→ WORK TO BE COMPLETED
Set down exactly the lines that run from the one containing "Bing And Rainier Cherries Stock Photo" to the end of the material below, both included, without pictures.
..........
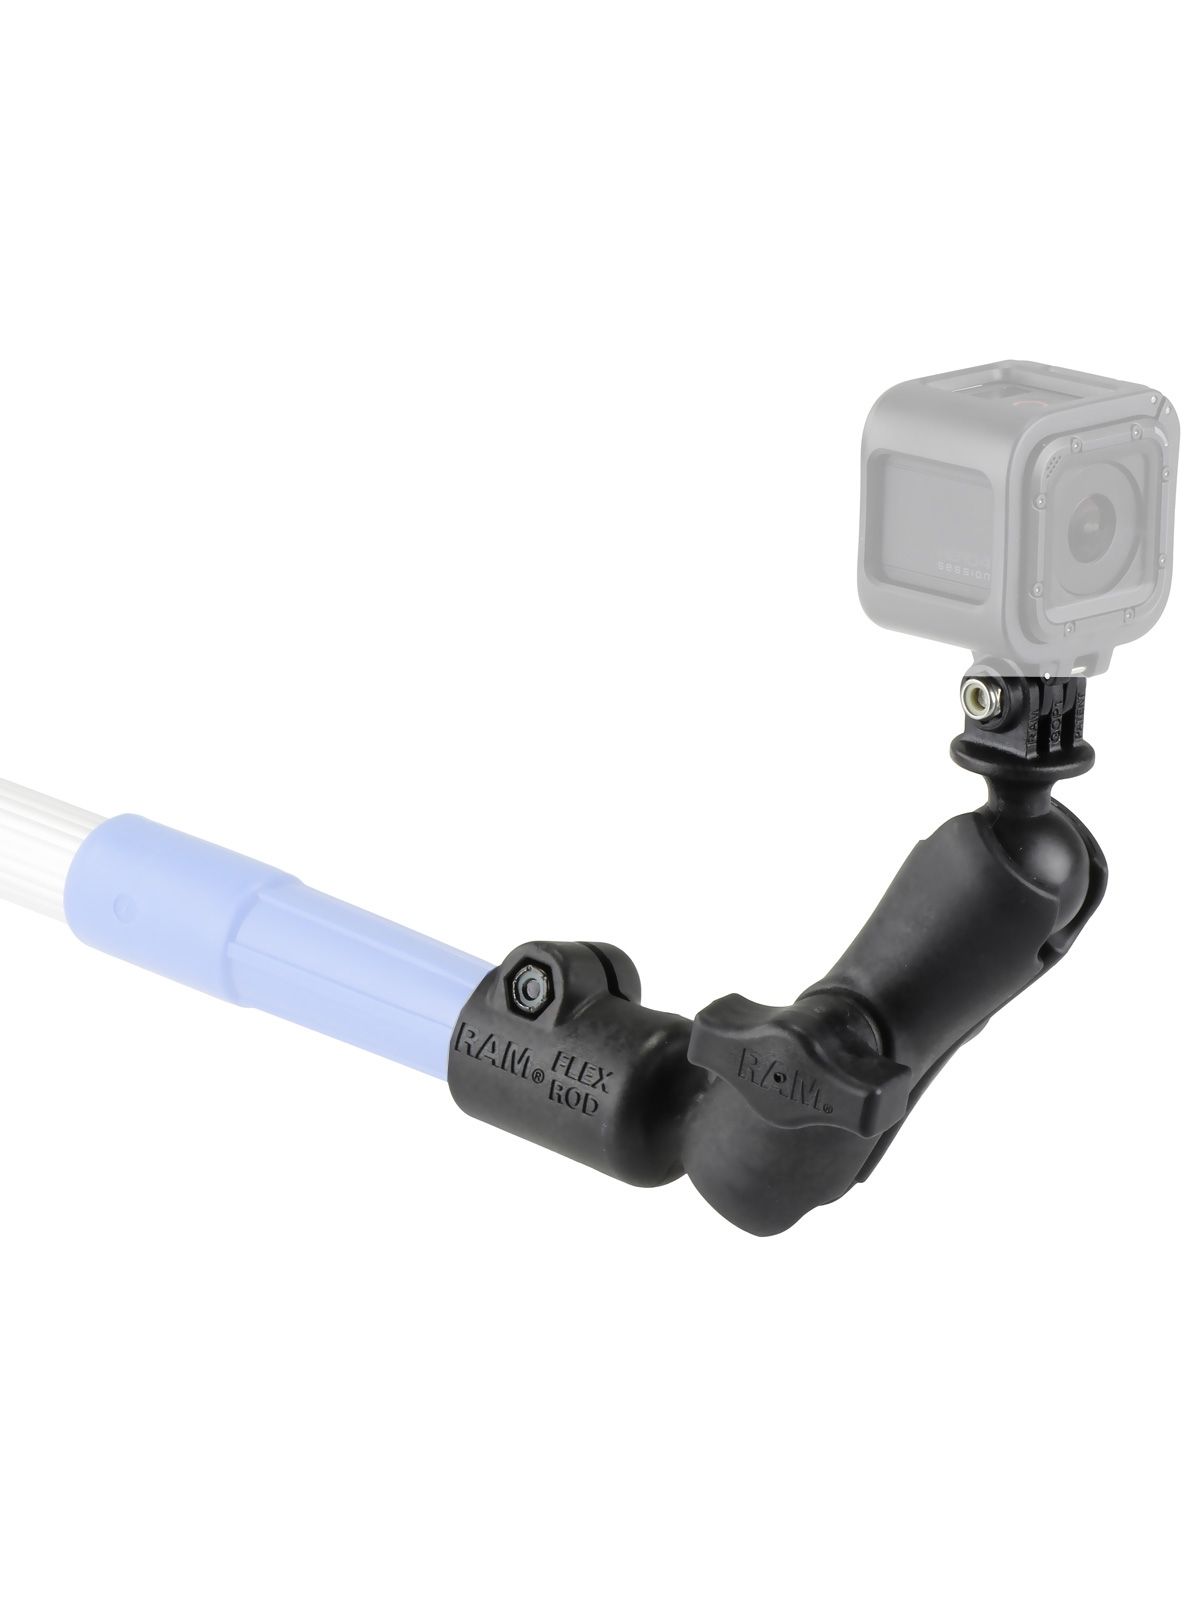 RAM Mounts GoPro Verbundstoff Tele-Mount Kamera-Adapter - mit Tele-Mount Basis, B-Kugel (1 Zoll), im Polybeutel
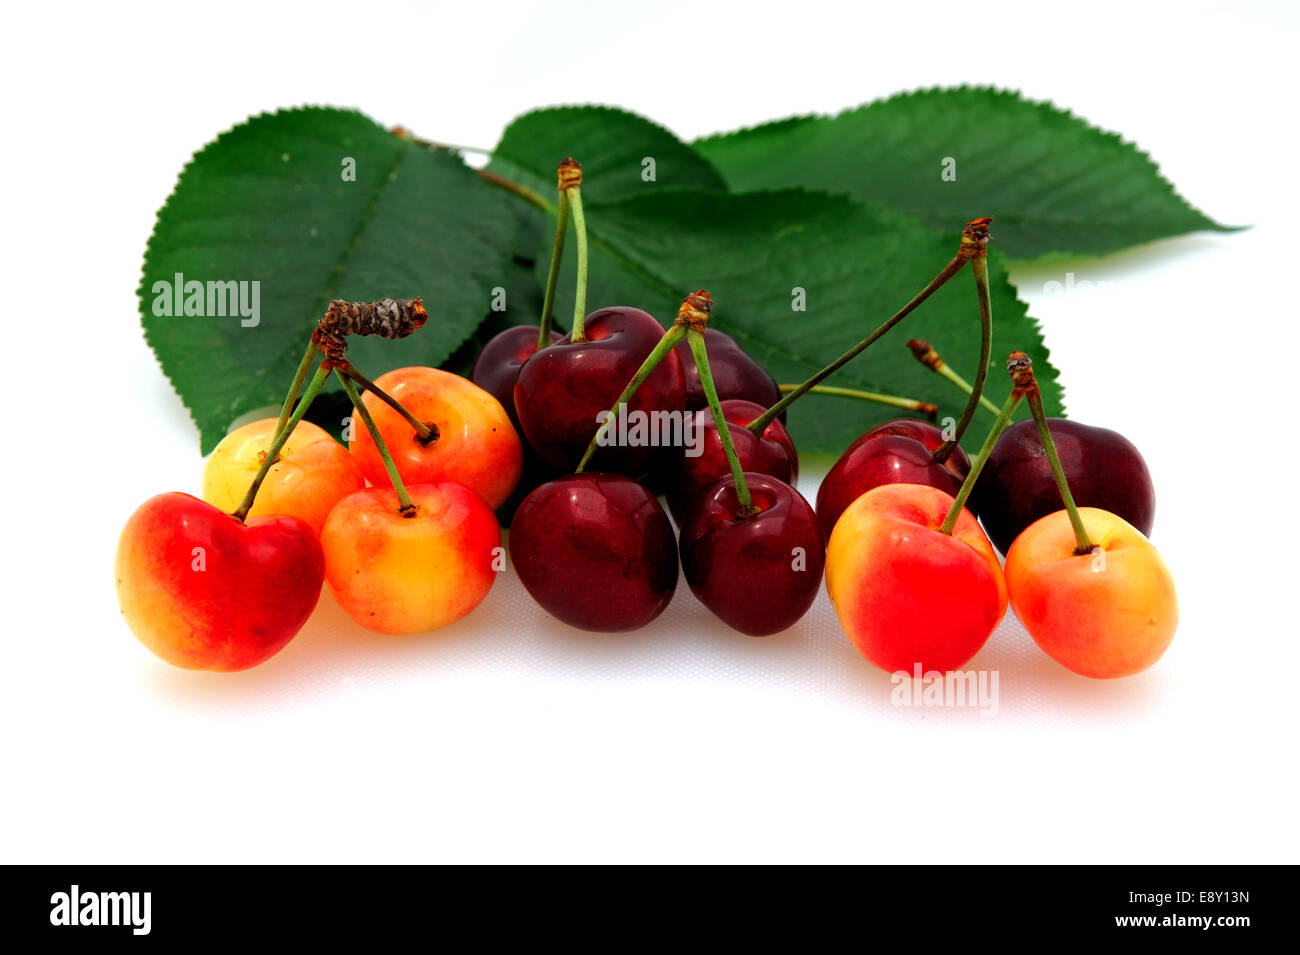 Bing And Rainier Cherries Stock Photo
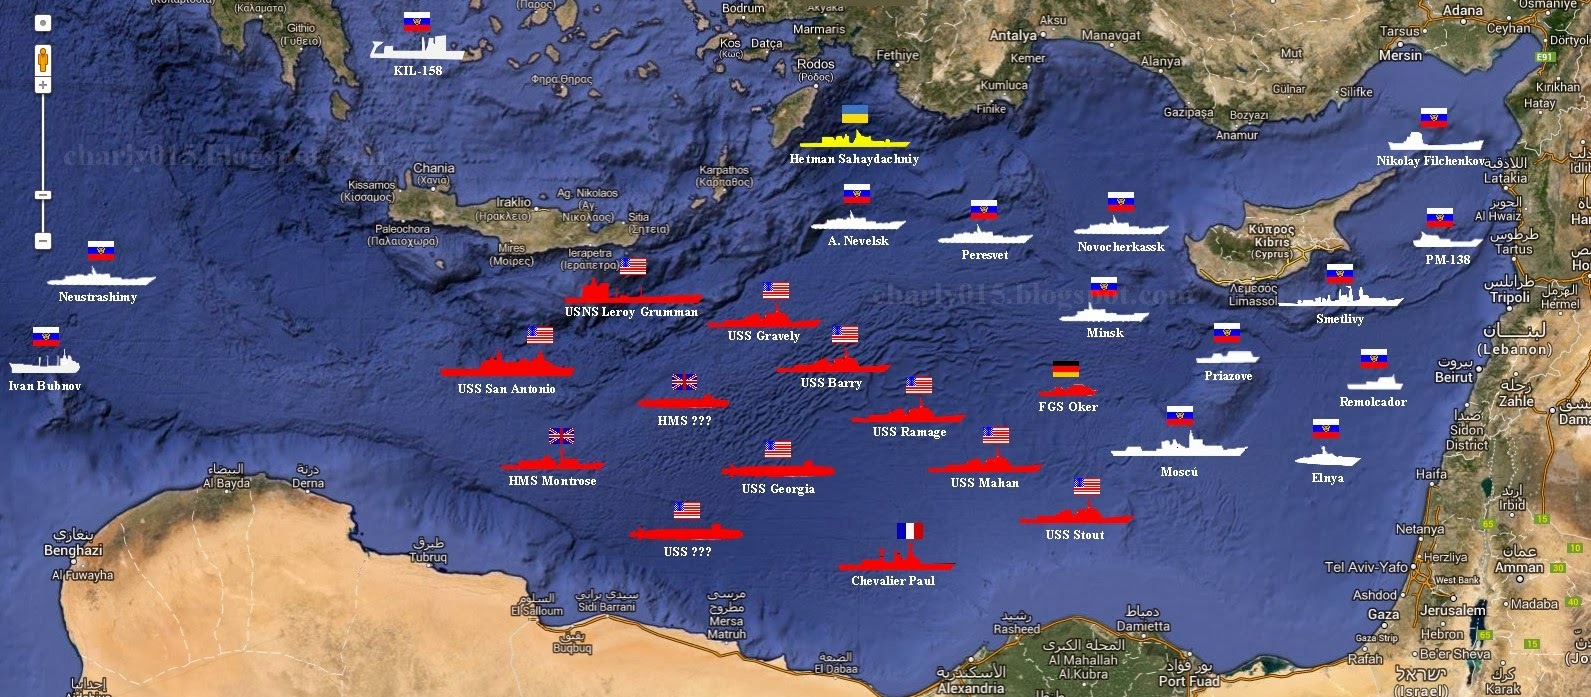 ΕΚΤΑΚΤΟ: Ρωσικά πυραυλοφόρα πλοία, υποβρύχια και στρατηγικά βομβαρδιστικά παίρνουν θέσεις μάχης για Συρία
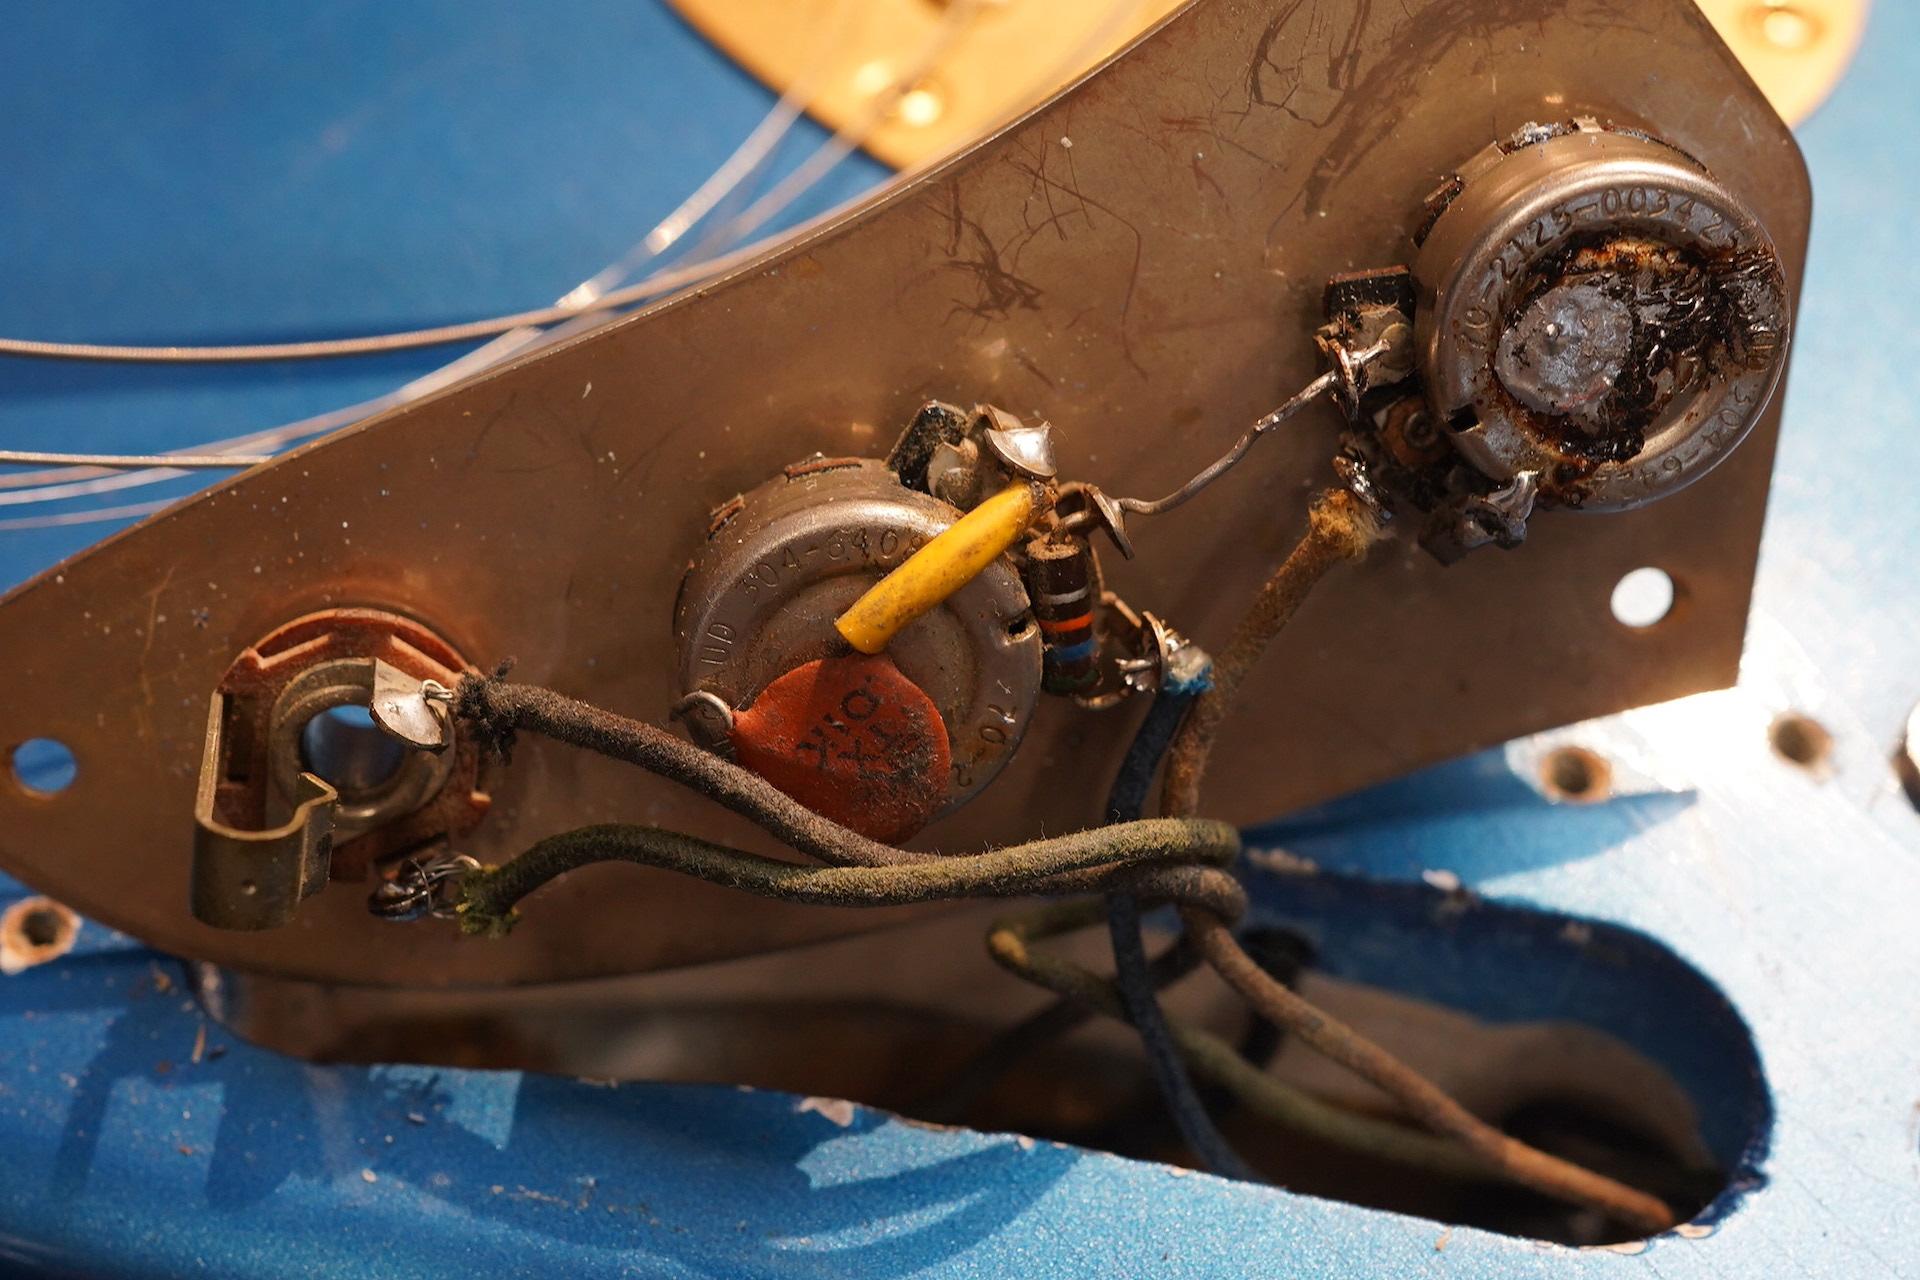 1964 Fender Jaguar Lake Placid Blue factory Gold hardware
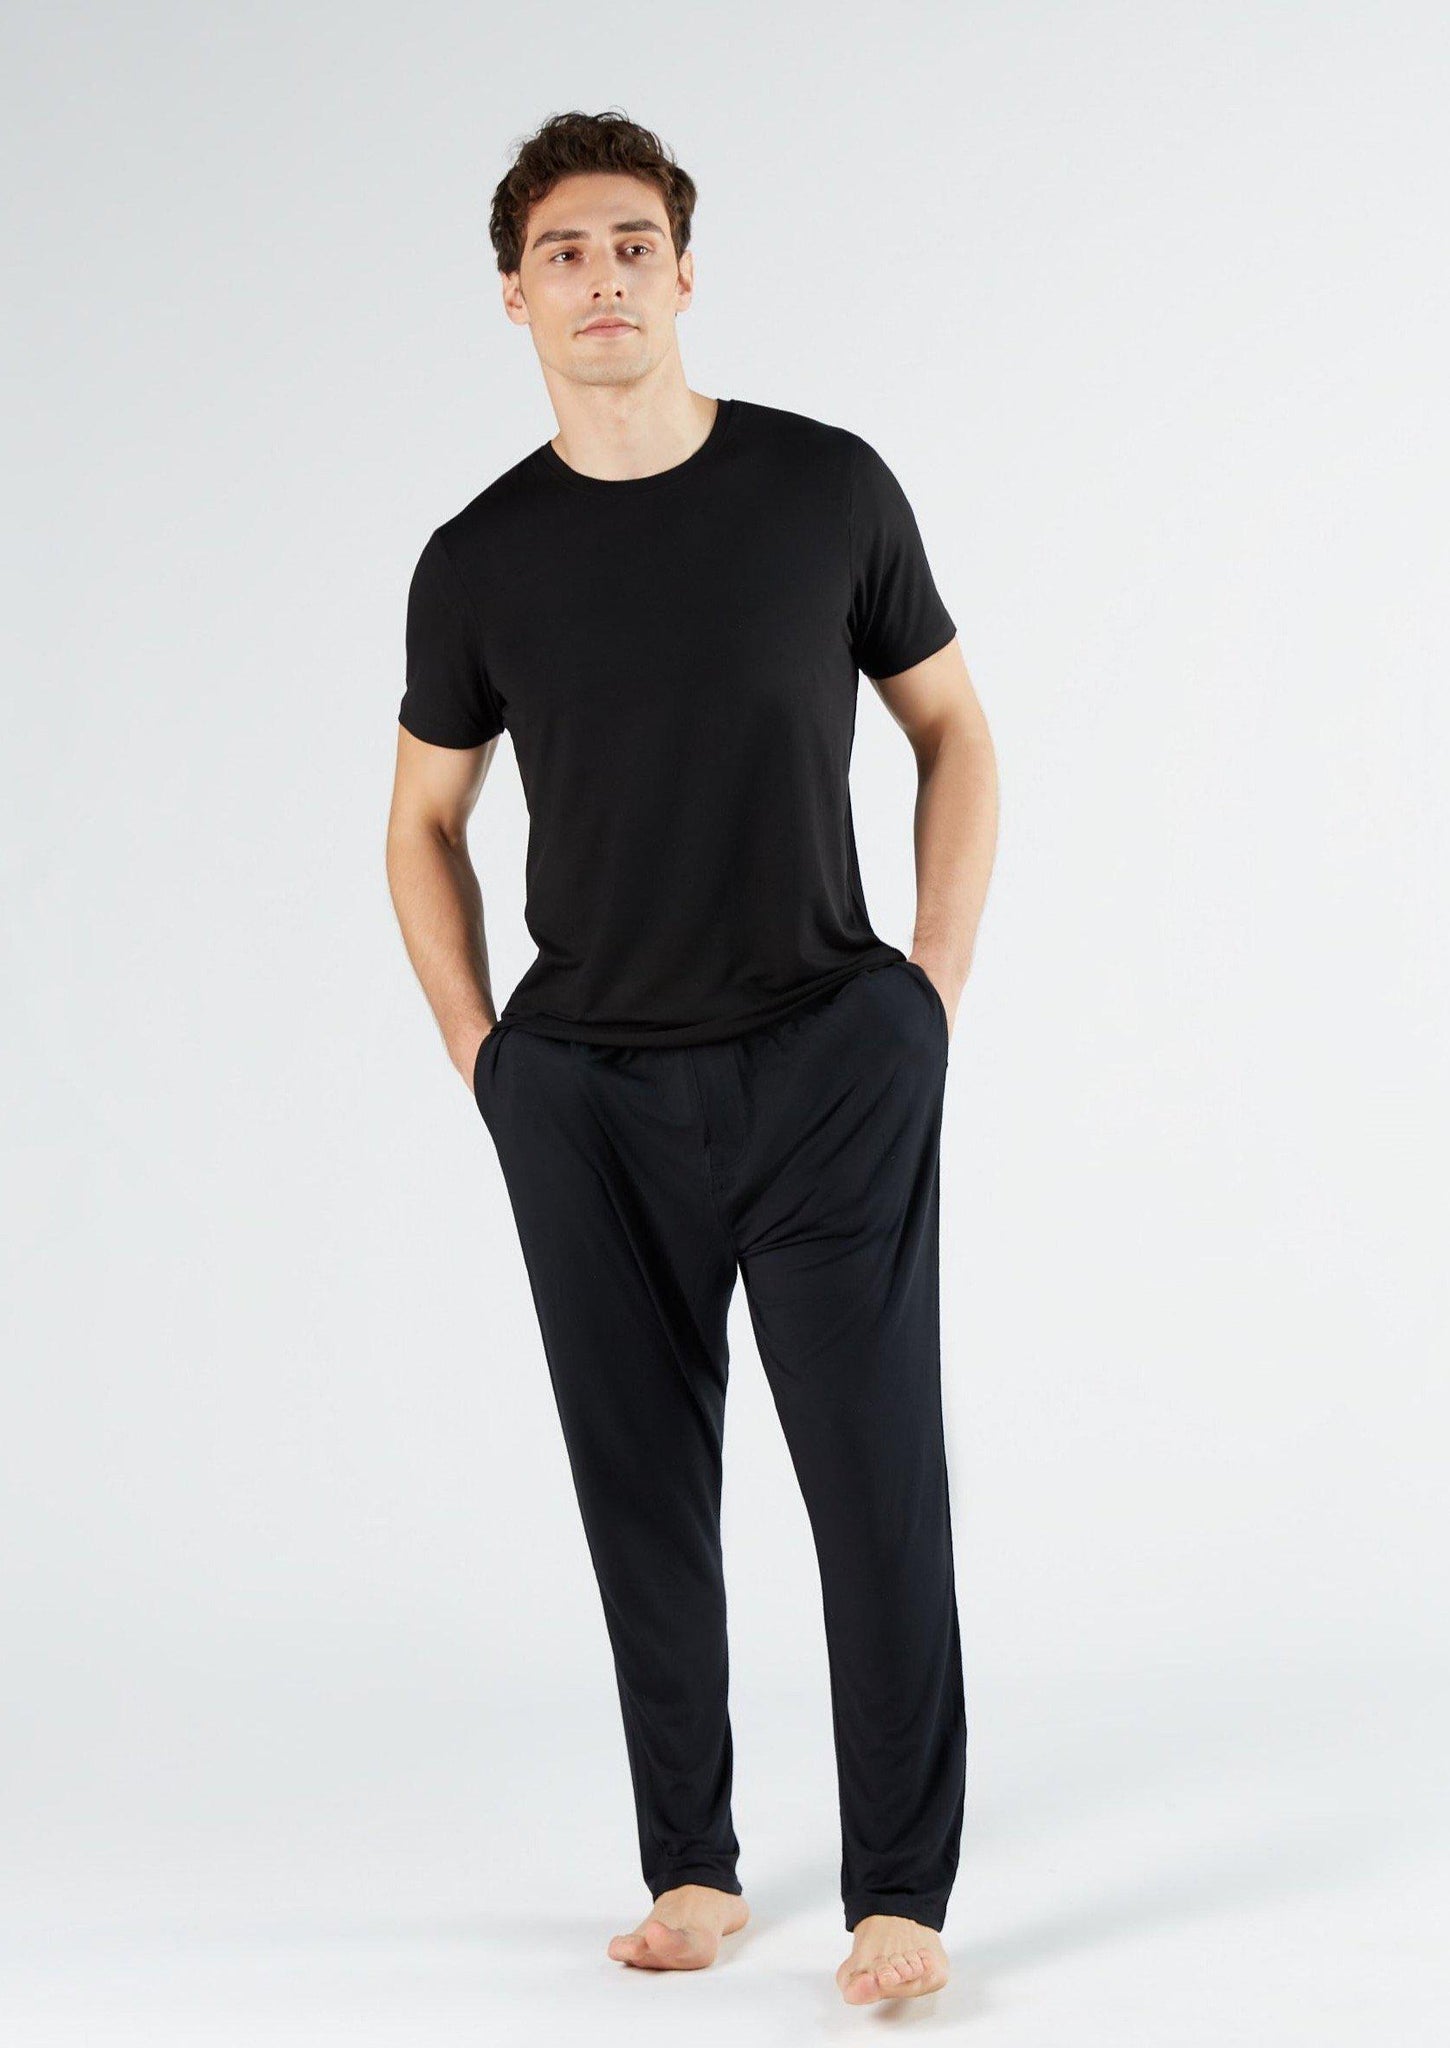 Men's TENCEL Modal Short-Sleeve Basic T-shirt 3-Pack
..........
→ REPLY
 Bing And Rainier Cherries Stock Photo
 ΕΚΤΑΚΤΟ: Ρωσικά πυραυλοφόρα πλοία, υποβρύχια και στρατηγικά βομβαρδιστικά παίρνουν θέσεις μάχης για Συρία
 1964 Fender Jaguar Lake Placid Blue factory Gold hardware
 Men's TENCEL Modal Short-Sleeve Basic T-shirt 3-Pack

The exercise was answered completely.